Wednesday, December 29, 2010

Running The Gauntlet



From DANIEL BOONE by John Bakeless (1939):

"George Rogers Clark became a major in the new militia of Virginia's Kentucky County, with Daniel Boone appointed as a captain. Kentucky's militia's primary enemies were the British military based in Detroit and their Indian allies."

"In February of 1778 Daniel Boone and companions were captured by Shawnee warriors (and two of the three Girty brothers) at Blue Licks while making salt...".

"Though taken to Detroit, they were kept by the Indians in their village where Daniel Boone was to run a 'warriors only' gauntlet. Normally, "most captives were dragged to the villages and compelled to sing at the tops of their voices as they approached. Thus warned, the entire population--squaws, children, old men, and any warriors who happened to have stayed behind--seized clubs, sticks, stones, hatchets, deer's antlers, or anything else that seemed likely to hurt the prisoner, and raced out to help belabor him."



Although Daniel Boone's captivity predated my ancestor's; their initial experience with their Indian captors was similar.  In 1781 my ancestor, William Roark, under Colonel Lochrey, was enroute to join General George Rogers Clark when Lochrey's group was attacked by a group of British regulars and Indians (including a Girty brother).

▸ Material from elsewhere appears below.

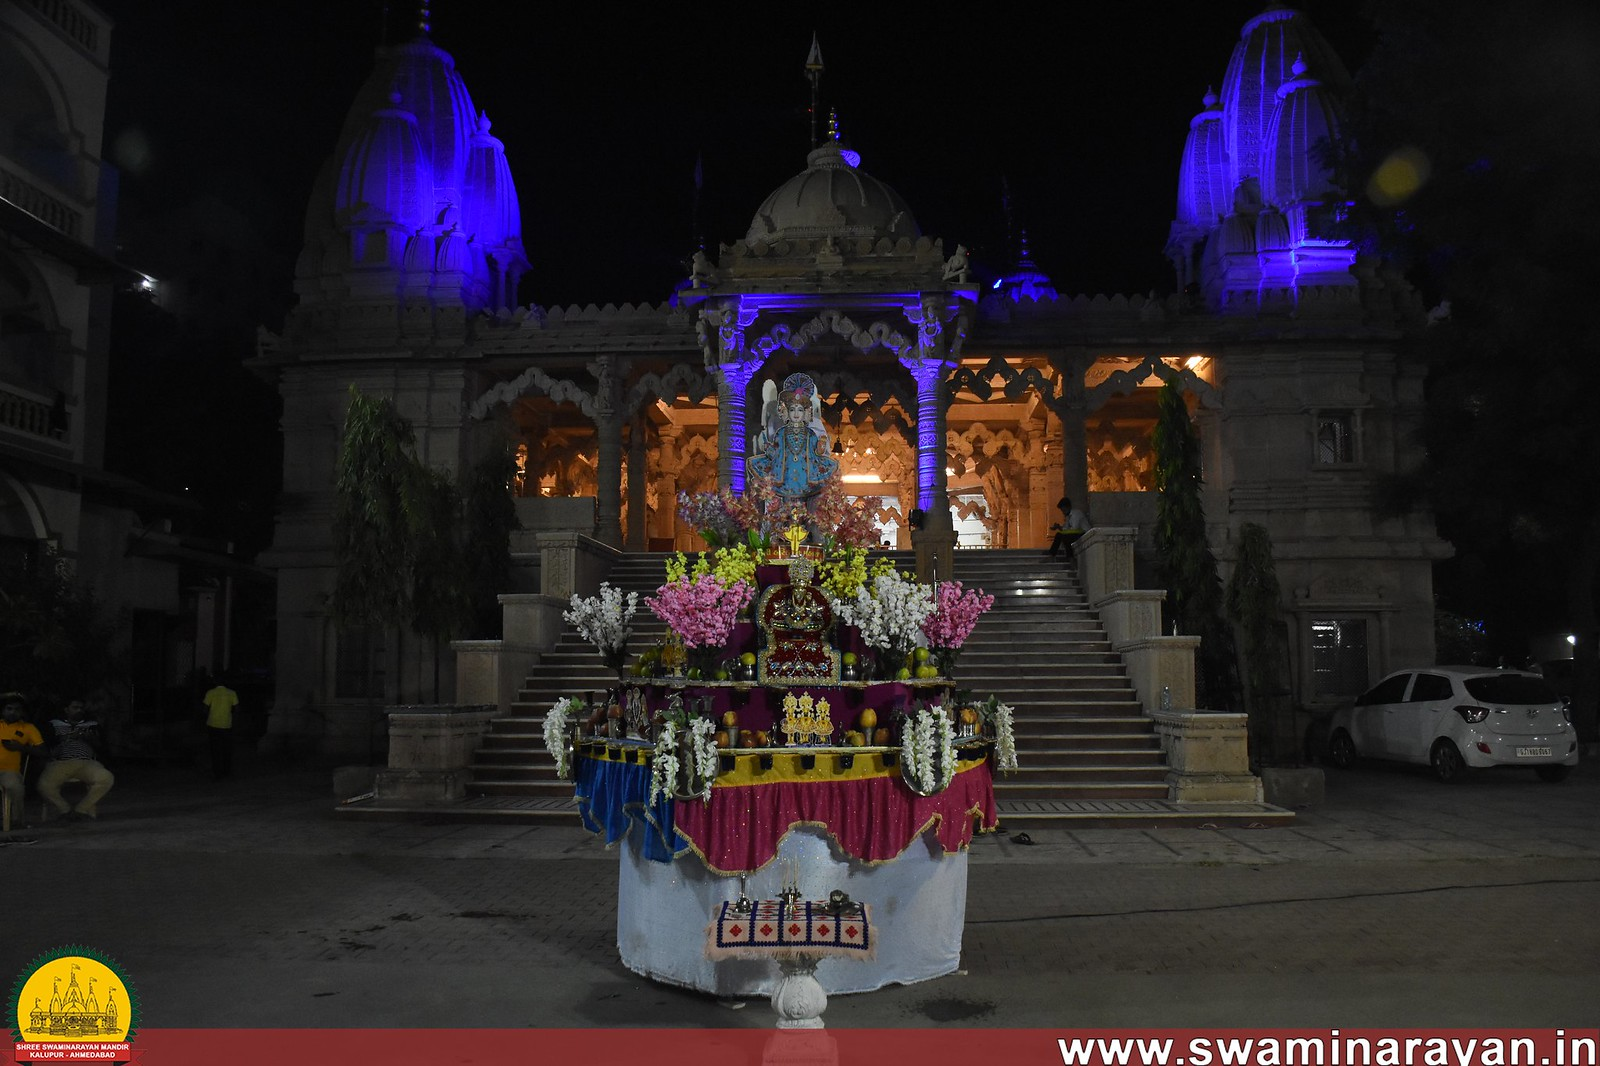 Sharad Poonam - Narayanghat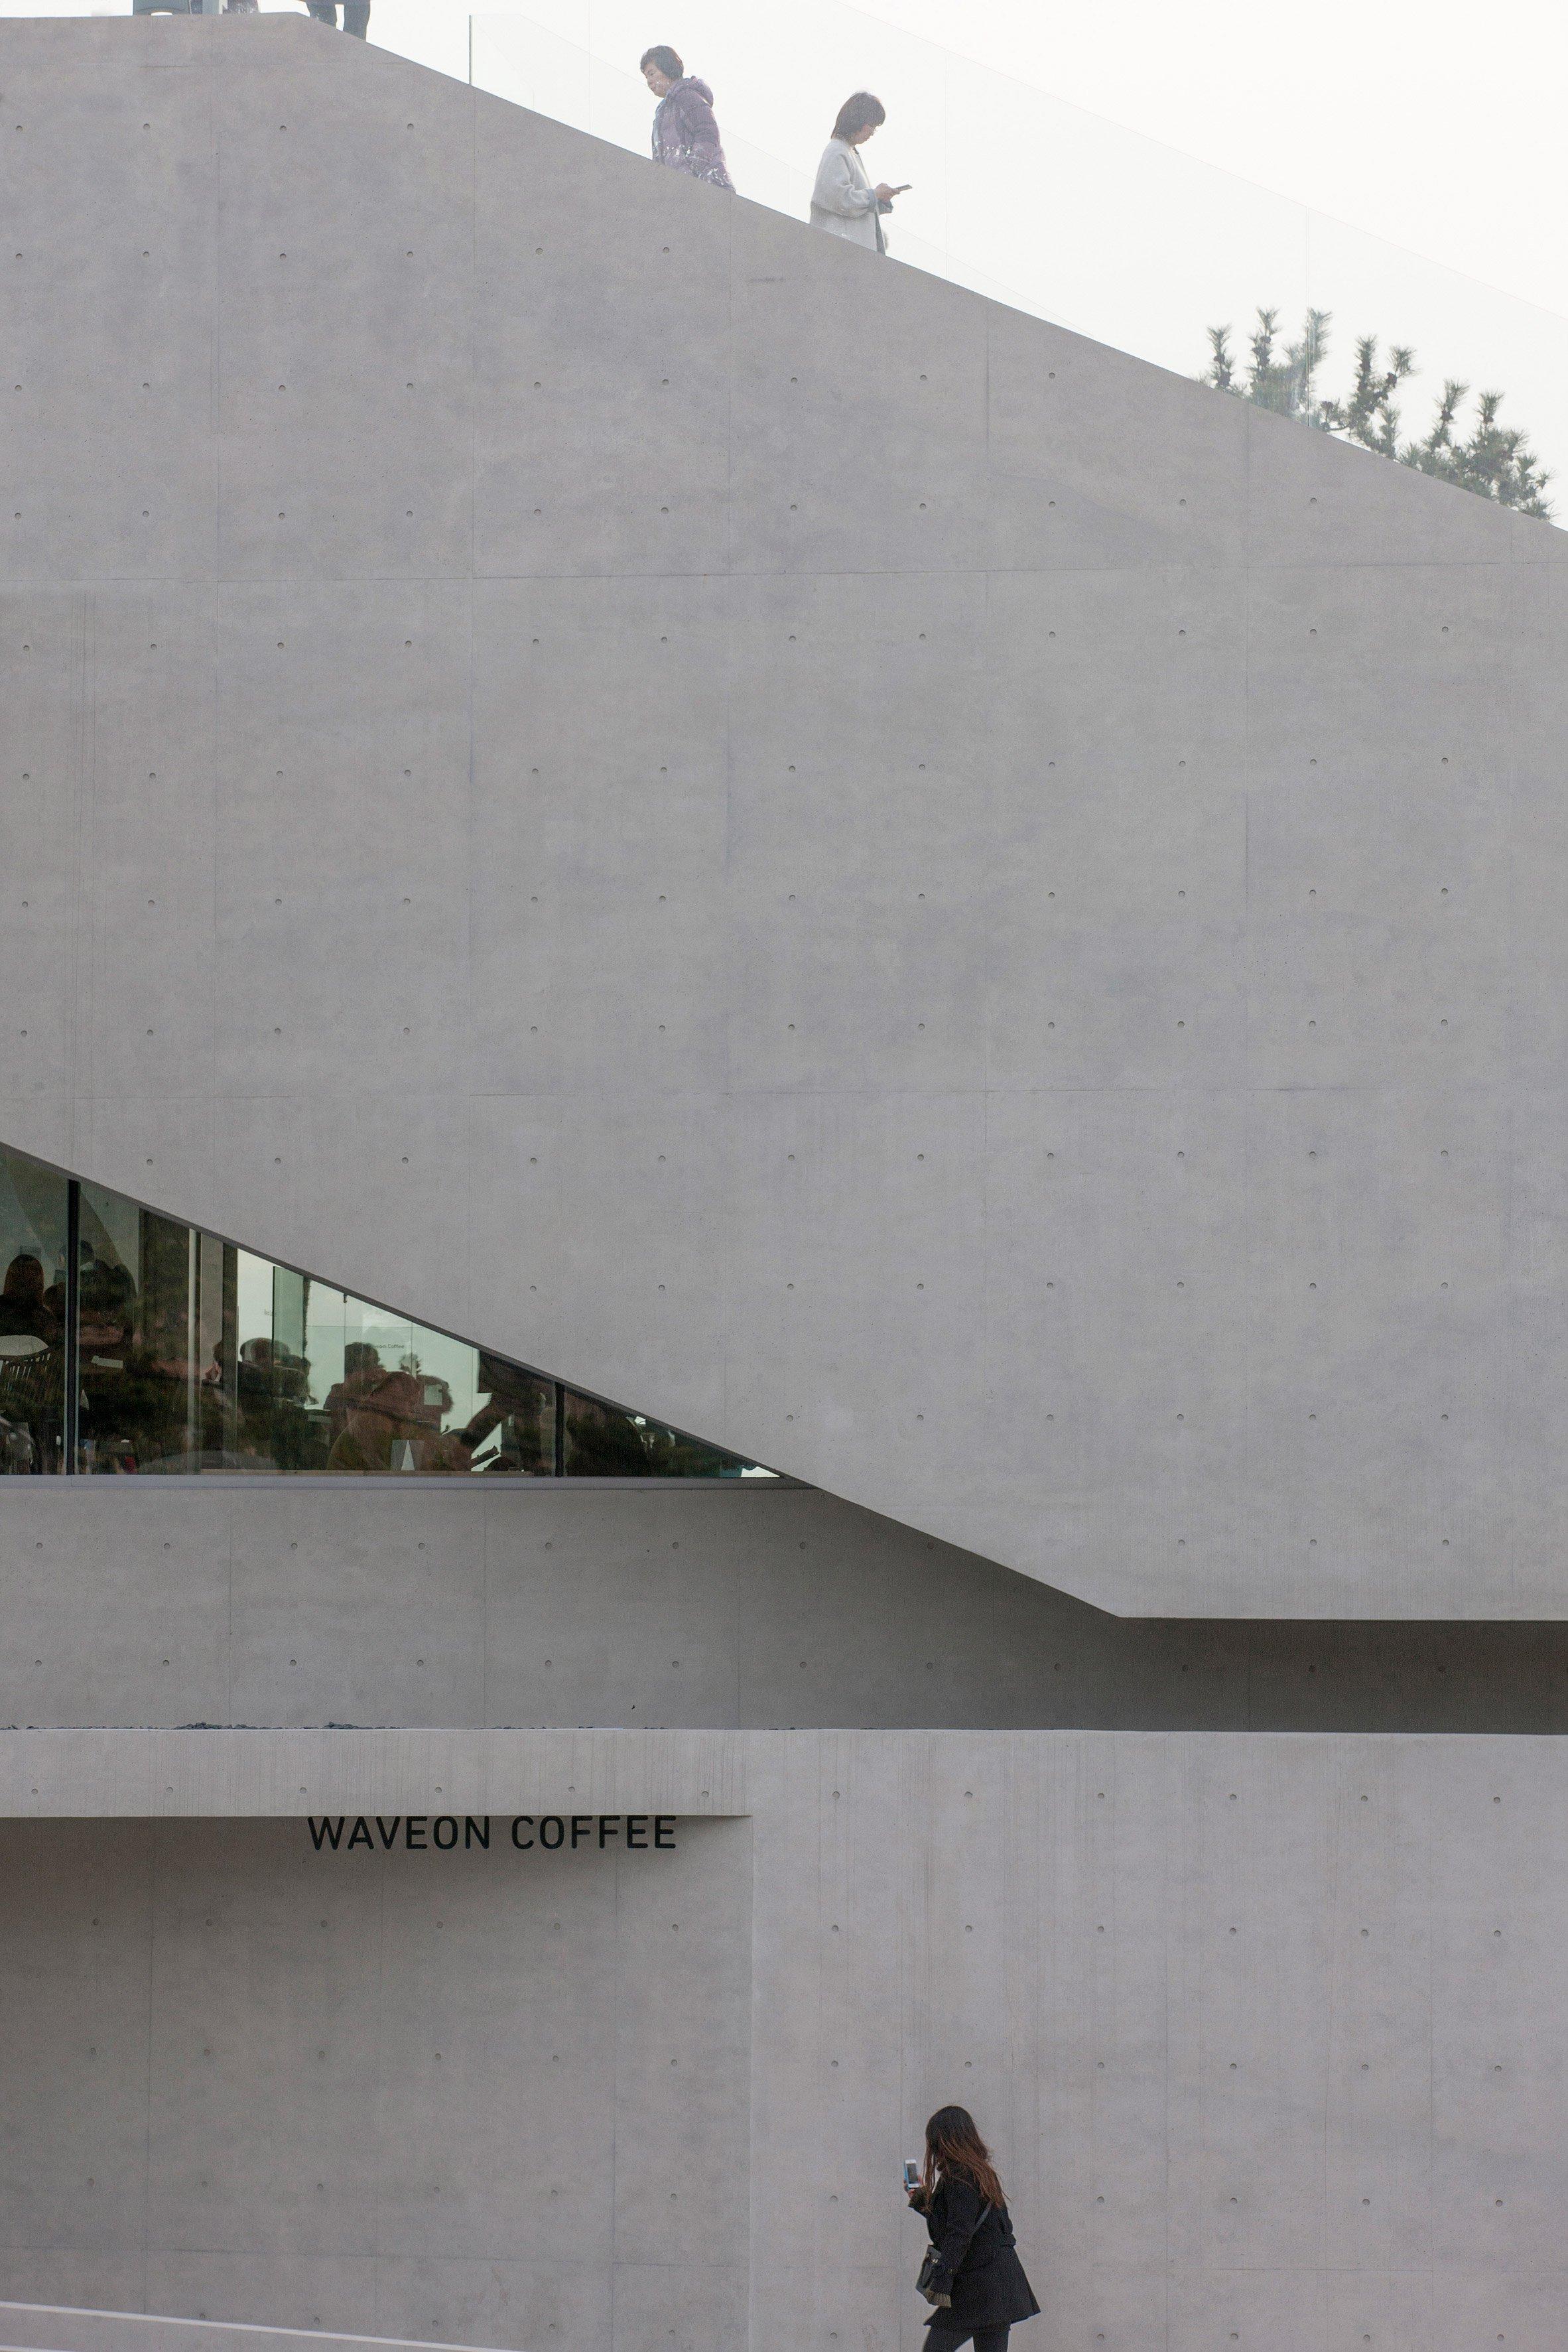 waveon-coffee-11.jpg

 History of Detroit and Wayne County...

(The force that attacked Colonel Lochrey consisted of about six hundred regulars and Indians from Detroit, commanded by Joseph Brant and George Girty )

Roark was taken prisoner and marched to Detroit.  A first person account of William Roark's ordeal was found in William Worthington's Revolutionary War pension application; Roark provided an affidavit.  Another survivor of Lochrey's Defeat was said to have run the gauntlet

A 1784 map of Kentucky shows were "Col. Boon's" fort was located and also the Great Miami (Lochrey's Defeat occurred about ten miles below the mouth of the Big Miami).